Charles Todd (Sir)

Sir Charles Todd (* July 7, 1826 in London, † January 29, 1910 in Adelaide ) was a British scientist and astronomer communication.

Life

Charles Todd was the son of food and tea merchant. At the age of 15 he came to training in communication sciences and astronomy at the Royal Greenwich Observatory, where he remained seven years; then he worked from 1847-1854 at the University of Cambridge as an assistant. In 1855 he was moved to the proposal and mediation of the University of Adelaide Observatory in the colony of South Australia.

With his then 18 -year-old wife Alice, he arrived in Adelaide on 5 November 1855. His duties were in construction and monitoring of astronomical and meteorological observation stations, but his main interest was telegraphy. After the establishment of several smaller telegraph lines it had succeeded in the years 1856-1859, he expressed to the Governor Sir Richard MacDonnell first time in 1859 his idea that it would be technically possible, a complete north-south transmission line through the central Australian outback of Port Augusta to build to Darwin.

In January 1863, Todd turned his plans to the Philosophical Society of Adelaide. 1870, the legal basis was created by the colonial government and Charles Todd Superintendent ( Postmaster General ) for this project.

Todd's assistants, who should find suitable terrain on the trail of the route, which had John McDouall Stuart discovered through the Red Centre, 1862, met in the desert on major logistical problems. In some teams workers were killed, and they had to give up. In the tropical north, the rainy season blocked the work; Termites ate the wooden telegraph poles, and it had to be imported steel poles from the UK.

Popular the name Charles Todd has become in the town of Alice Springs. Here is his employee William Whitfield Mills had discovered in a dry river bed, a water point, which he named after Todd's wife Alice; a source, as first suspected, this was not in reality. The local telegraph station, which drew the subsequent founding of the city after himself, was built at this depression, which leads not permanent water. According to him, even the rare water-bearing river Todd River was named.

Despite all the difficulties Todd managed plan; 3200 km long north-south line was completed on 22 August 1872 and was connected in October of the same year in Darwin to a British submarine cable. On October 22, 1872, the first telegraphic message between London and Adelaide has been replaced.

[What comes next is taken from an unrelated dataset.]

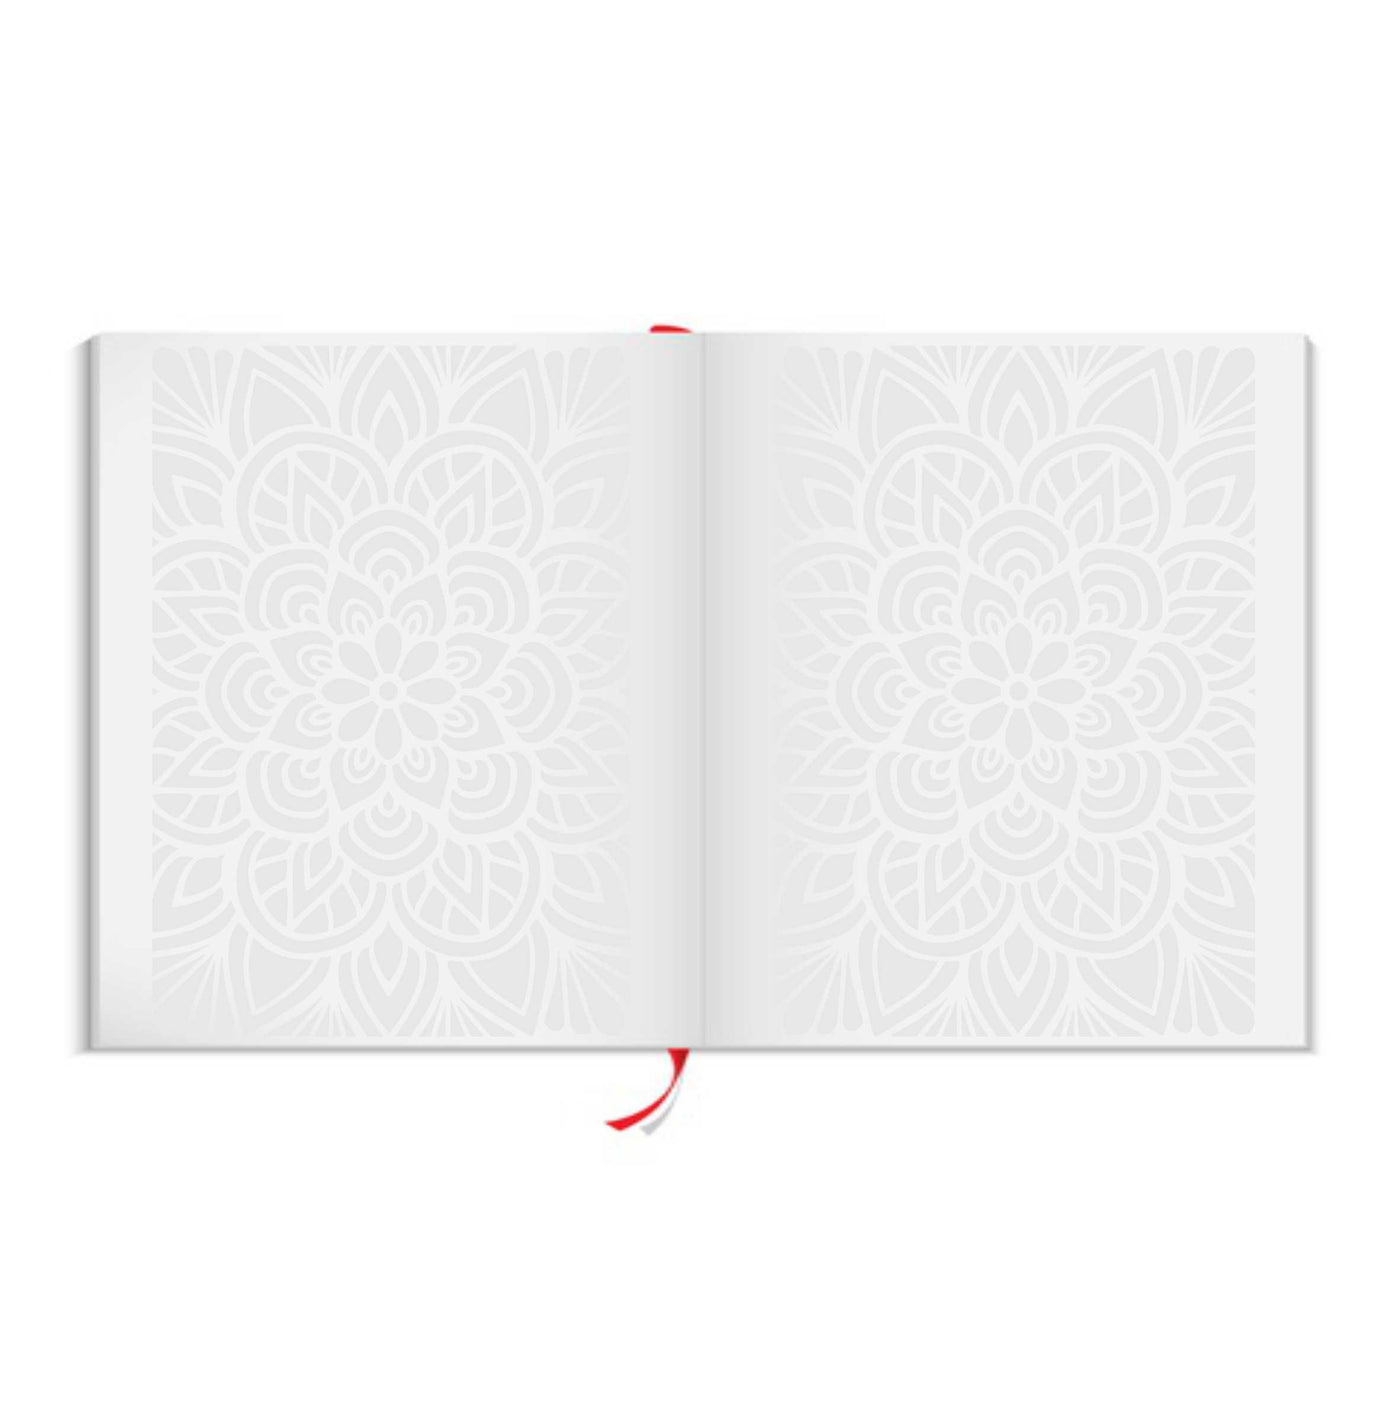 Mandala Layering Stencil- Layering use to add Texture and Design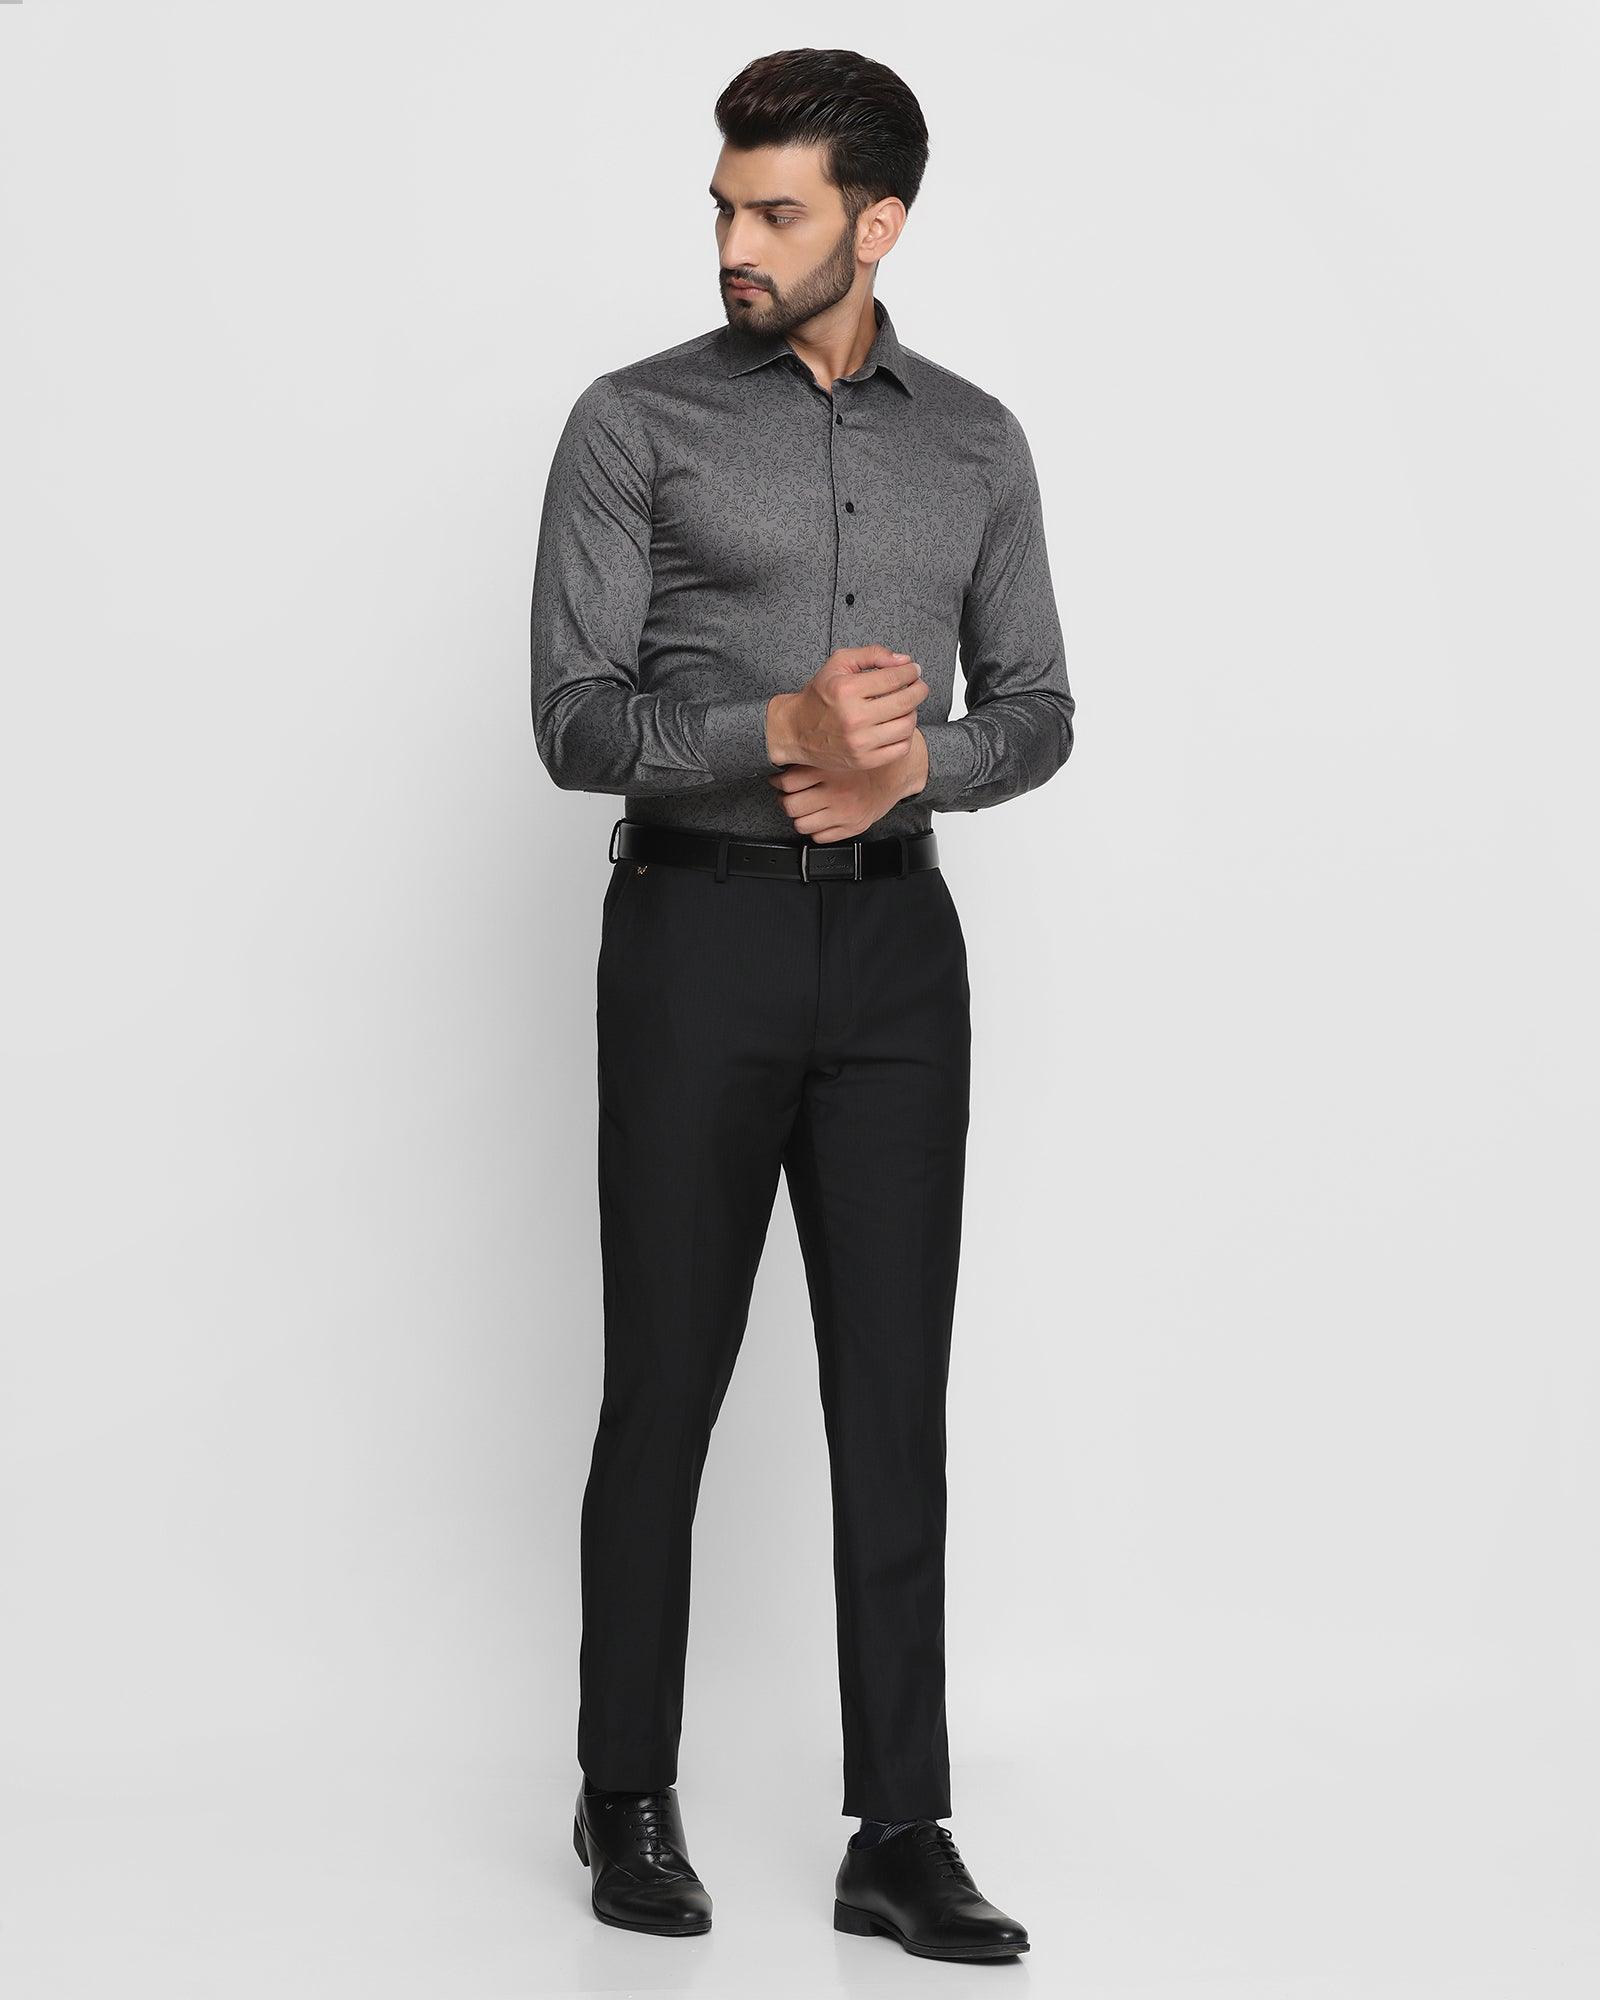 Formal Black Printed Shirt - Kellen

This performance made ​​Charles Todd also known in the UK. In 1886 he was elected an honorary member of the London Royal Society and two other companies Royal ( Royal Meteorological Society and Society of Electrical Engineers ). Charles Todd kept until the end of the colonial period in his position as Postmaster General and entered 1901 in the service of the Commonwealth of Australia a, the bundled responsibility for the telegraph network in after resolution of the colonies. Although he had passed the age limit of 70 years, but the government made ​​an exception for him as long to remain in the civil service, as he wanted. Only at the age of 78 years (1905 ) he resigned and died on 29 January 1910 at his summer home in Semaphore in Adelaide.